Regarding teaching activities, we systematically sought and coded descriptions detailing the tools and materials used for instructing nursing students. The codes were interpreted with guidance from Nilson [14]. Skills, both those acquired and those not acquired, were coded with reference to the “achievement goals for graduation in bachelor’s degree nursing education” [9] and the “model core curriculum for nursing education in Japan” [10].
Quality Appraisal
The selected articles were independently evaluated by two reviewers (X1 and X2) before being included in this review to identify the advantages and disadvantages of on-campus training as a substitute for clinical practice.
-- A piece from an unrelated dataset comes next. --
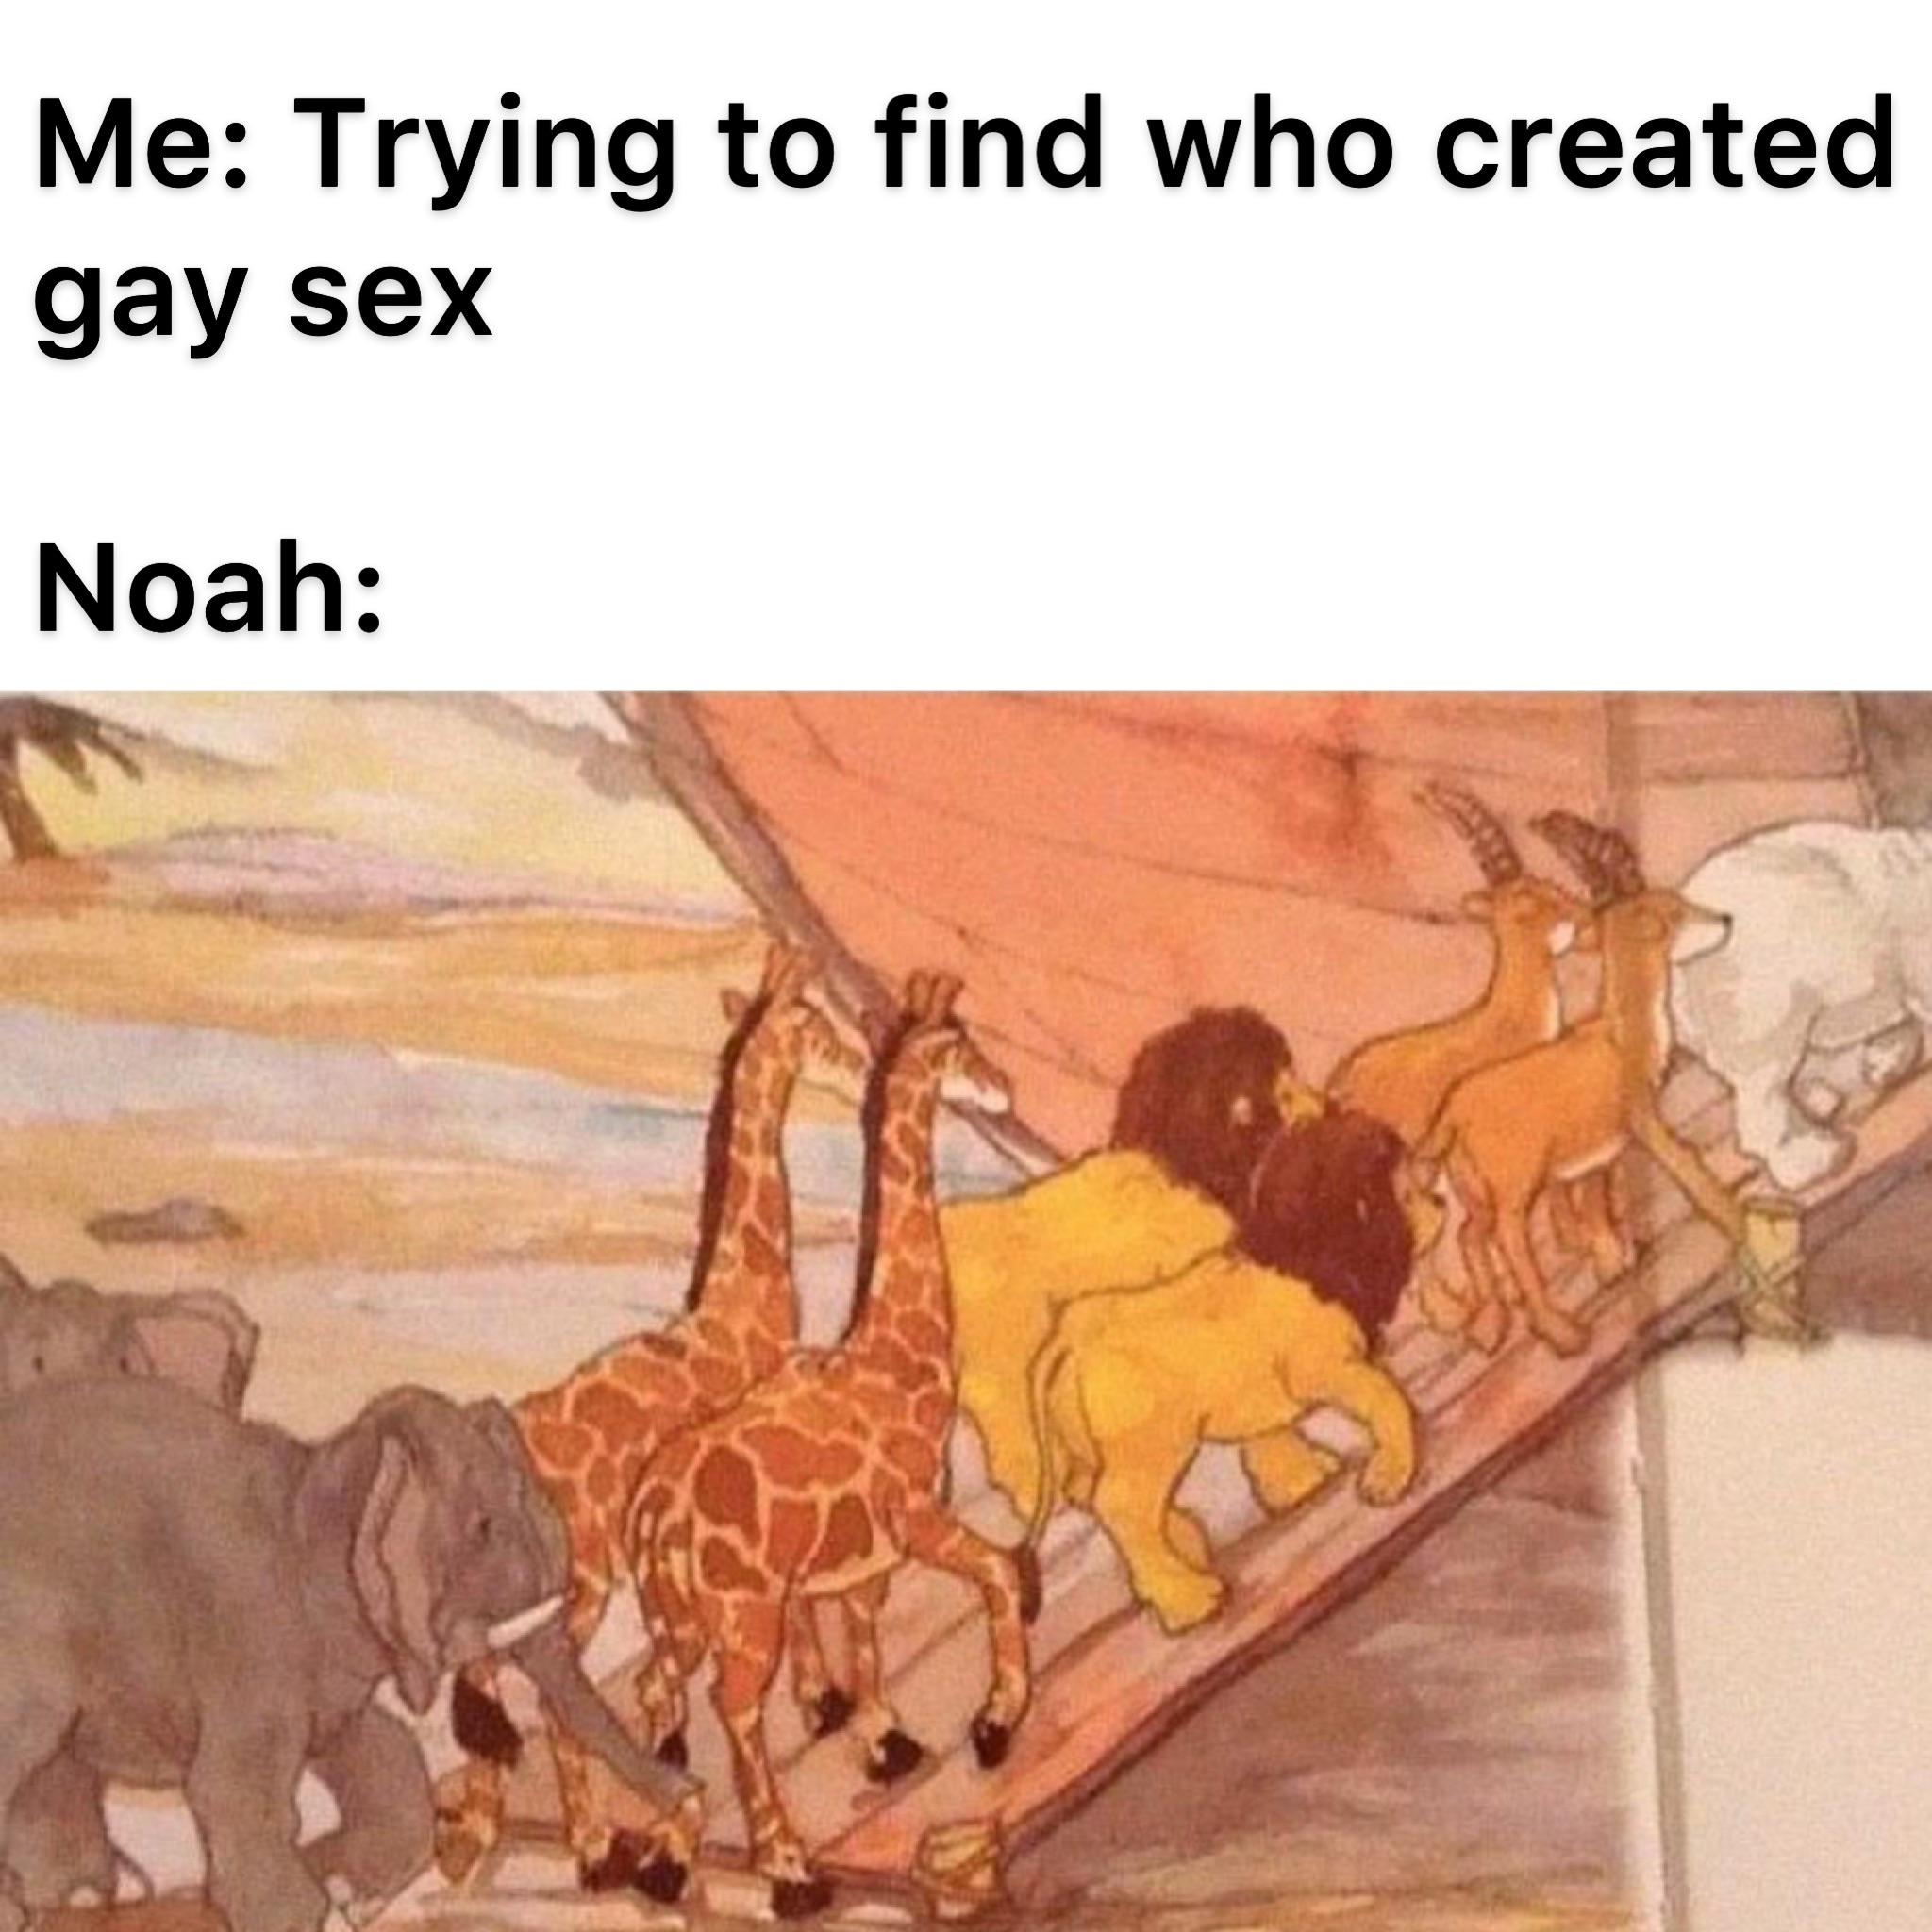 noah get the boatanime - Me Trying to find who created gay sex Noah

Discrepancies in review results were discussed by the reviewers to reach a consensus.
Results
Characteristics of the Selected Articles
Table 1 presents the 26 articles that were included in this review [15-40]. These articles were authored by Japanese researchers and published in university bulletins and not academic journals, except for one, which was published in the Council Journal [38].
Table 1. Main characteristics of the selected studies.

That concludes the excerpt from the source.